[[ Dataset content open ]]

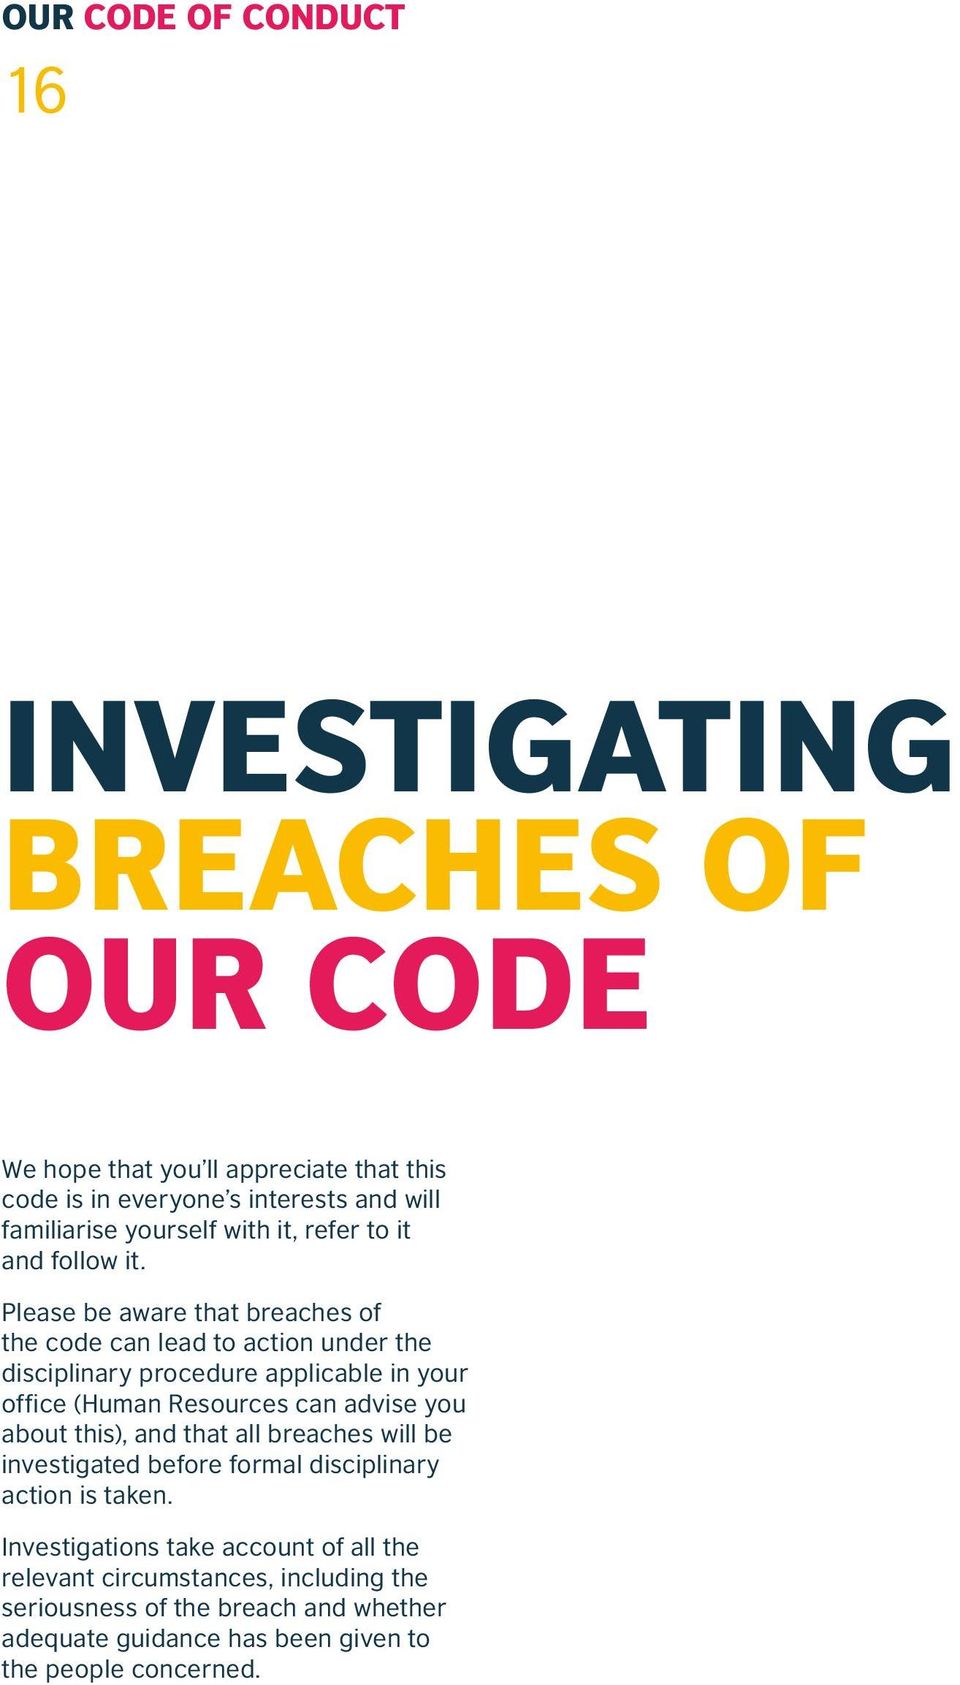 Please be aware that breaches of the code can lead to action under the disciplinary procedure applicable in your office (Human Resources can advise
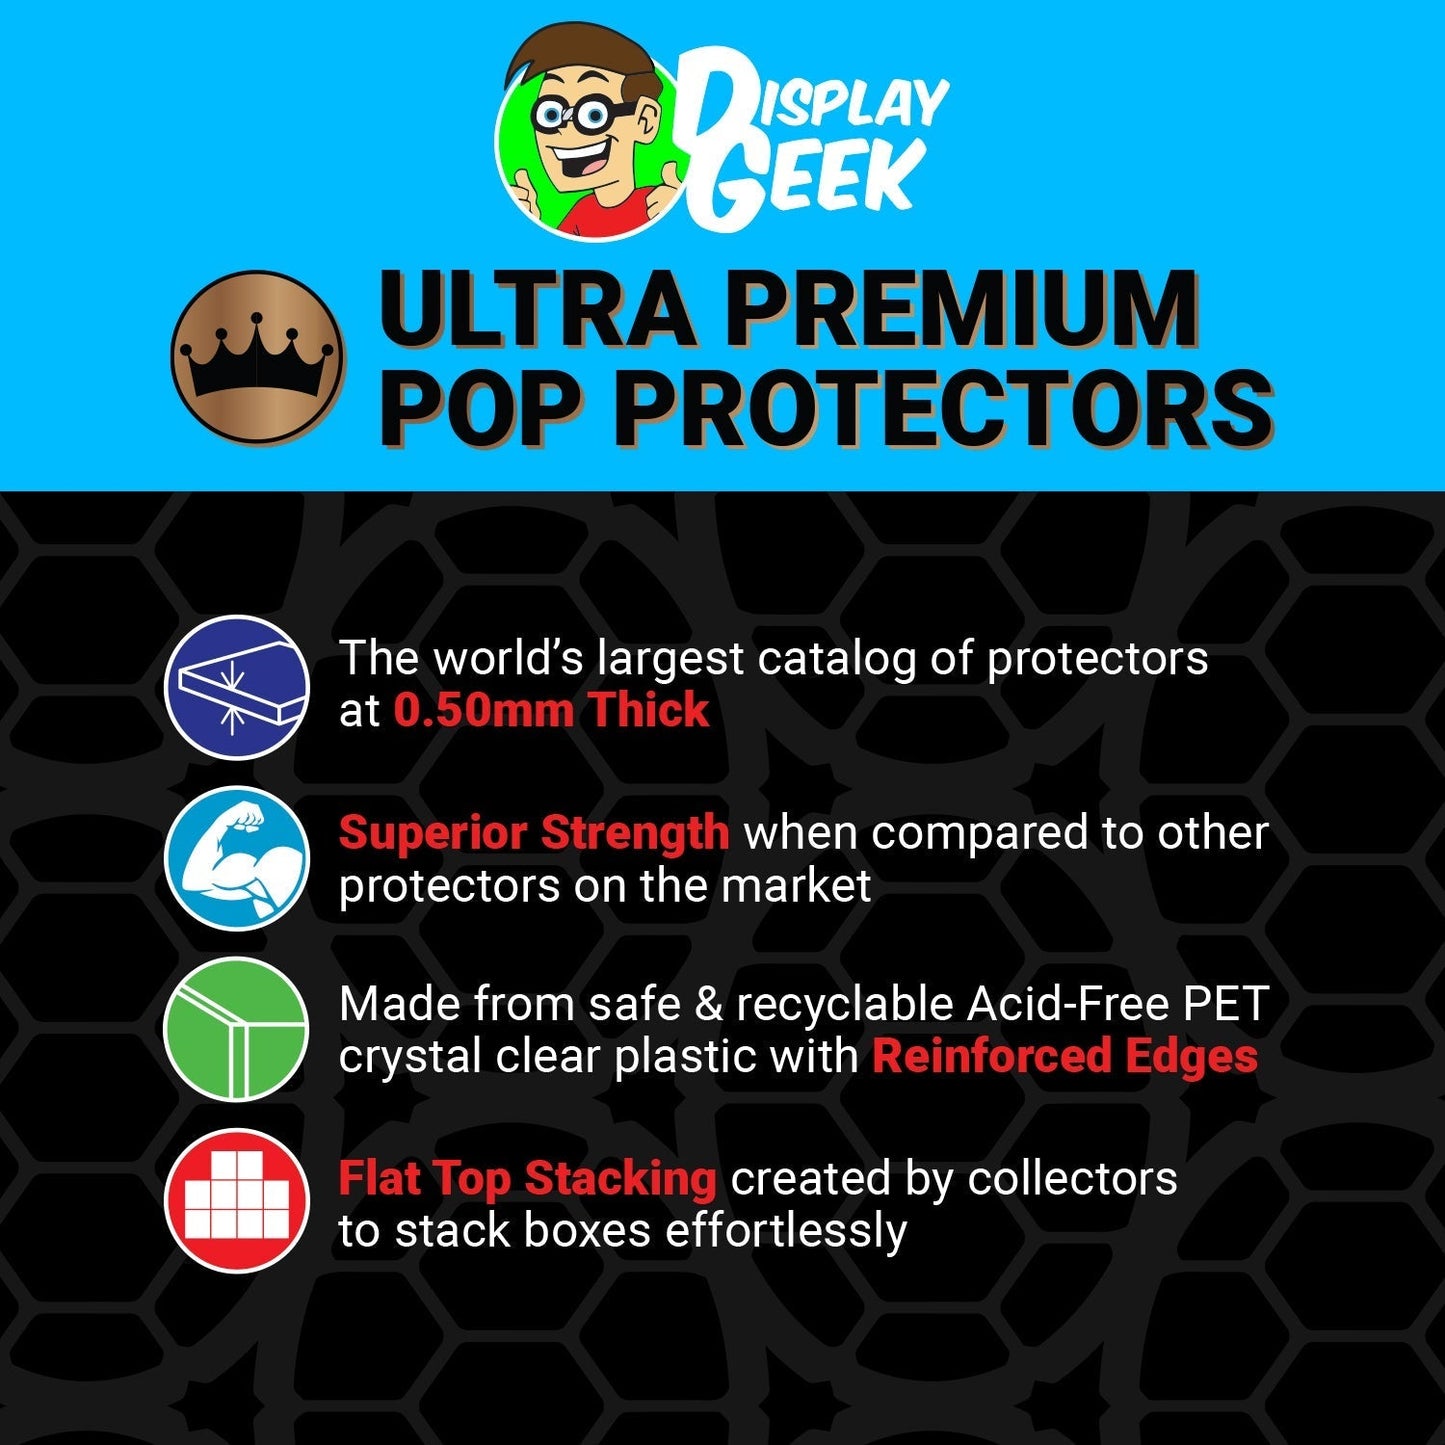 Pop Protector for 9 inch Giant Batman Black Funko Pop - PPG Pop Protector Guide Search Created by Display Geek
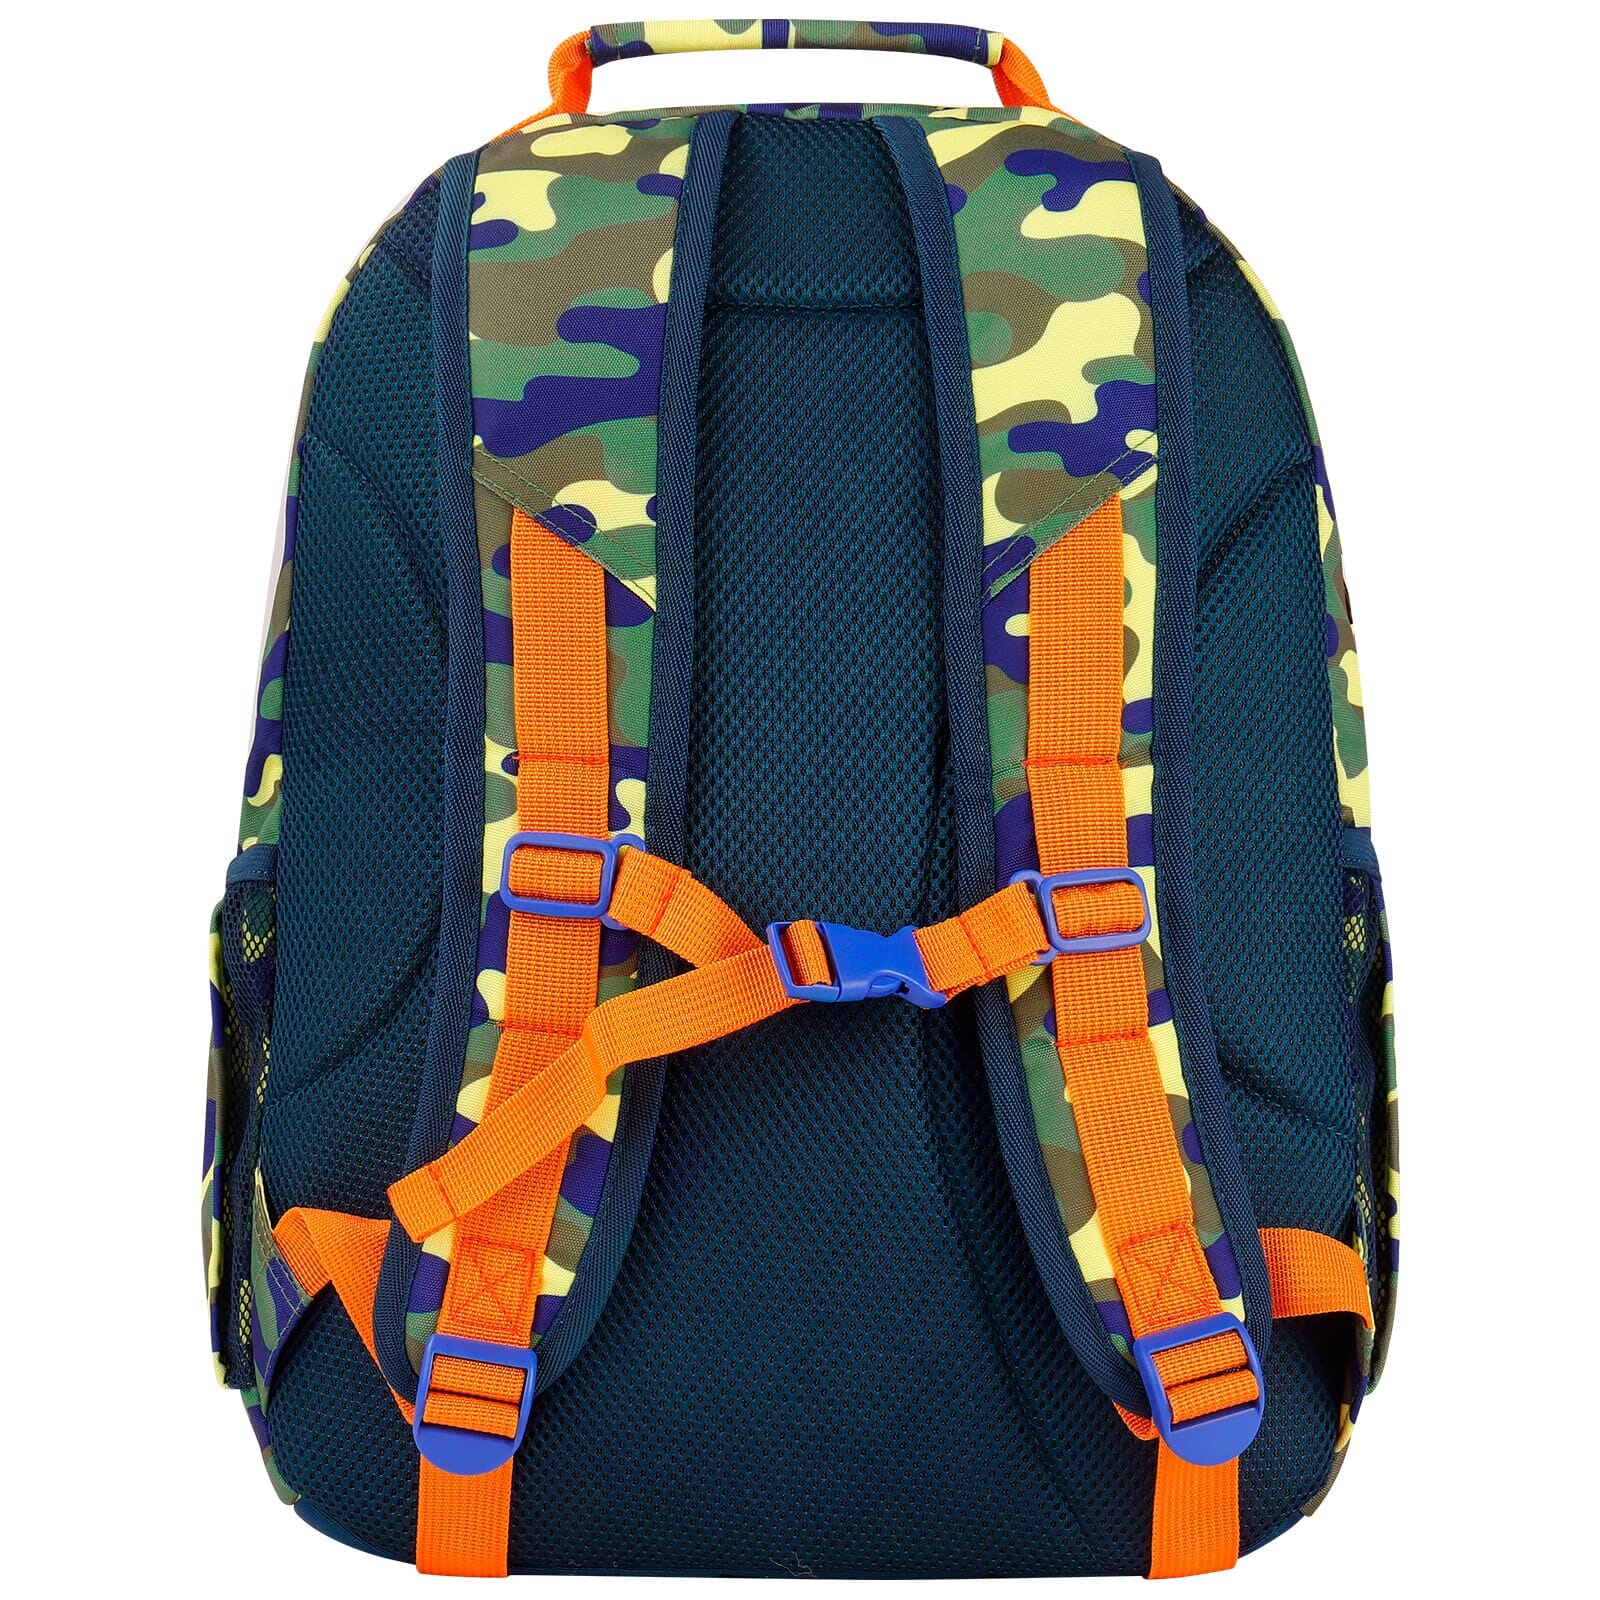 Choco Mocha Camo Backpack for Boys Backpacks for Elementary School Backpack for Kids Backpack Boys 17 inch Backpack for Boys Camouflage Bookbag with Chest Strap 5-7 6-8 School Bag 2nd 3rd Grade Yellow chocomochakids

[[ Dataset content closed ]]

#### Goal of the exercise:
Leaving every picture out, write out exactly the lines from the one that holds "Pop Protector for" through the end of the listing, both included.

#### Response to the exercise:
 Pop Protector for 9 inch Giant Batman Black Funko Pop - PPG Pop Protector Guide Search Created by Display Geek
 Choco Mocha Camo Backpack for Boys Backpacks for Elementary School Backpack for Kids Backpack Boys 17 inch Backpack for Boys Camouflage Bookbag with Chest Strap 5-7 6-8 School Bag 2nd 3rd Grade Yellow chocomochakids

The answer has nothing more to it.